I find 490 complete visits (189 CCD) in /global/cscratch1/sd/desc/DC2/Run2.0i/Run2.1i/run201812/workpath/run/outputs, ignoring 1 which is tagged as "corrupted" so I guess that we can transfer those. The list is in /global/homes/b/boutignycompleteVisits.list

villarrealas commented 5 years ago

You should find a more complete list of files in /global/cscratch1/sd/desc/DC2/Run2.1i/run201812/run/outputs with a fixed directory structure. The "corrupted" subdirectories in some of these contain .fits files and checkpoint files that had mixed instance catalogs due to a workflow error, and can be safely ignored.

boutigny commented 5 years ago

Do you mean that all these visits are complete in the imsim production sense even if they don't have 189 CCDs ?

heather999 commented 5 years ago

@villarrealas just want to make sure I understand - there are also corrupted subdirectories in the newer '/global/cscratch1/sd/desc/DC2/Run2.1i/run201812/run/outputs` area.. These should definitely be ignored for the purposes of DM processing, I suspect.

villarrealas commented 5 years ago

@boutigny That is where we get a little trickier. We are currently complete in production for this version of imSim. Some visits may be missing a handful of detectors due to issues with the current imSim which would require a not insignificant server overhaul.
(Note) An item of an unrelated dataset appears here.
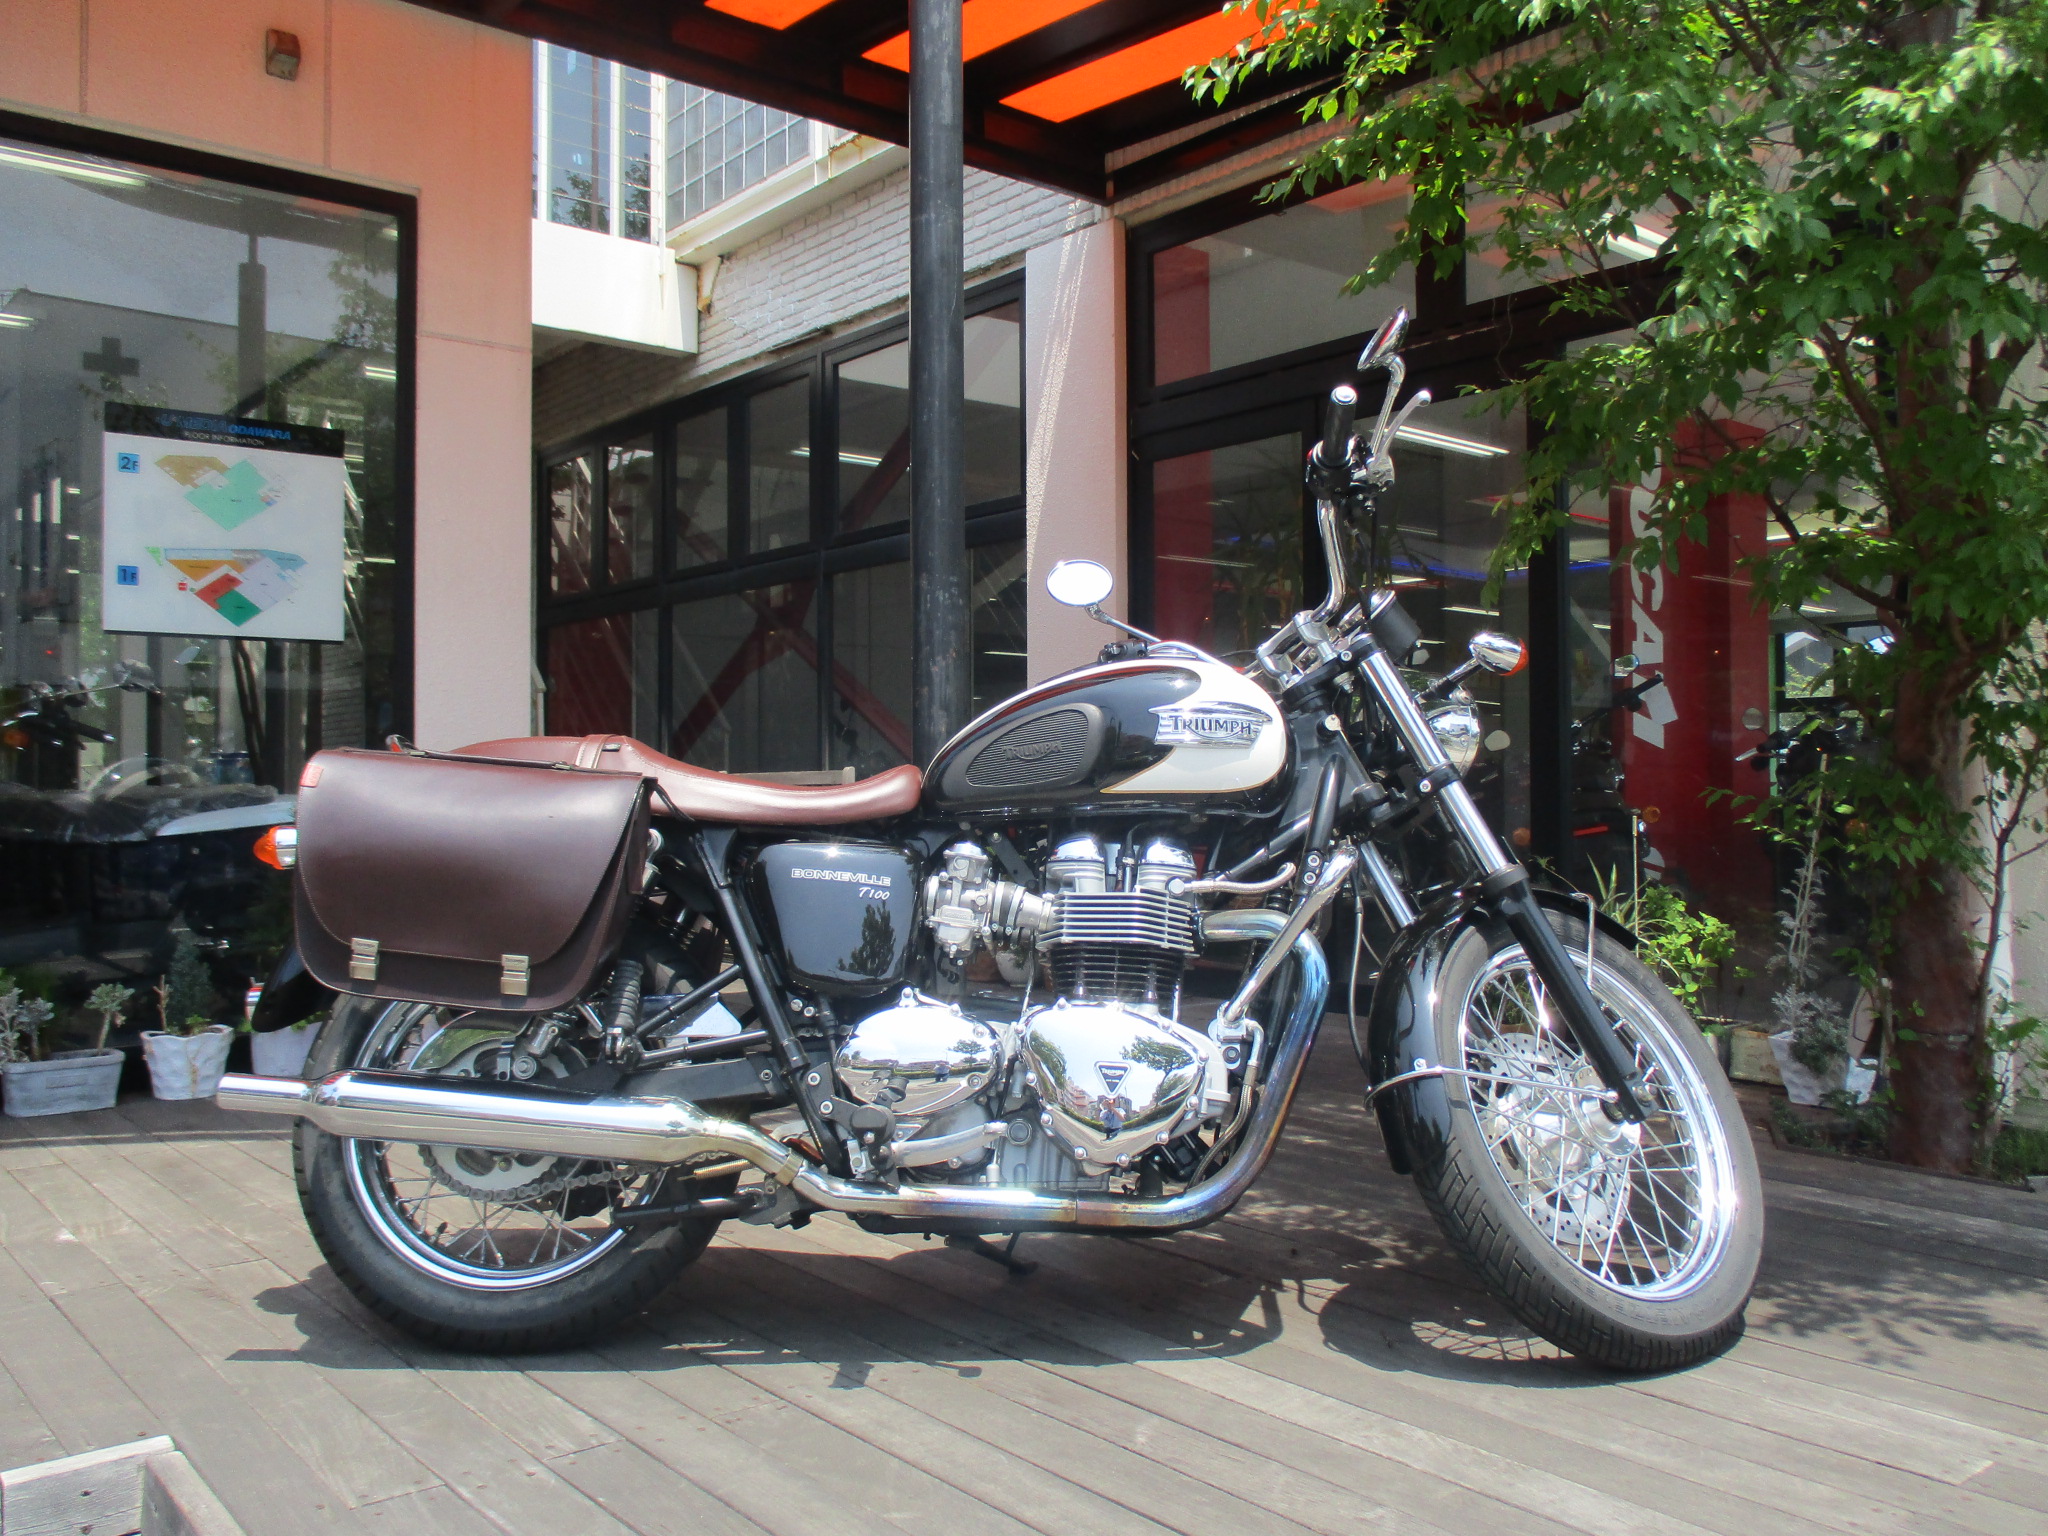 トライアンフの中古車をご紹介します 最新情報 U Media ユーメディア 中古バイク 新車バイク 探しの決定版 神奈川 東京でバイク探すならユーメディア

I like to think of it is a big, inconvenient, single CCD covering cloud at the moment. However, as all of these are going to have the incorrect PSF handling, it may be that we'll come back to these straggling detectors if we have some extra compute time down the road. However, we have zero intent to further processing on these visits with the current version of imSim.

@heather999 The corrupted subdirectories should be ignored for purposes of DM processing.

katrinheitmann commented 5 years ago

Hi Dominique,

A few answers to your questions. First, @villarrealas will point you to what has been finished for now with the imSim version we started with in December. That data can be copied over. In the meantime, he is waiting for a new imSim version to continue Run 2.1i. Now more details about the items above:

So something is happening on everything, but I agree that we have to all coordinate better. Thanks fo the list!

boutigny commented 5 years ago

O, thanks @villarrealas , so I will prepare a list of files to transfer for Fabio based on the directories in /global/cscratch1/sd/desc/DC2/Run2.1i/run201812/run/outputs and I will assume that the mechanism to trigger the automatic file transfer tool will be in place for the next set of runs using the new imsim version.

boutigny commented 5 years ago

I find 377007 files in 2665 clean (not corrupted) visits. The file list is in /global/homes/b/boutigny/toTransfer_20190220.list. Is that suitable for you @airnandez ? We will have to recreate the same directory structure at CC-IN2P3 starting after /global/cscratch1/sd/desc/DC2/Run2.1i/run201812/run/outputs

airnandez commented 5 years ago

Transfer done. See details in this issue.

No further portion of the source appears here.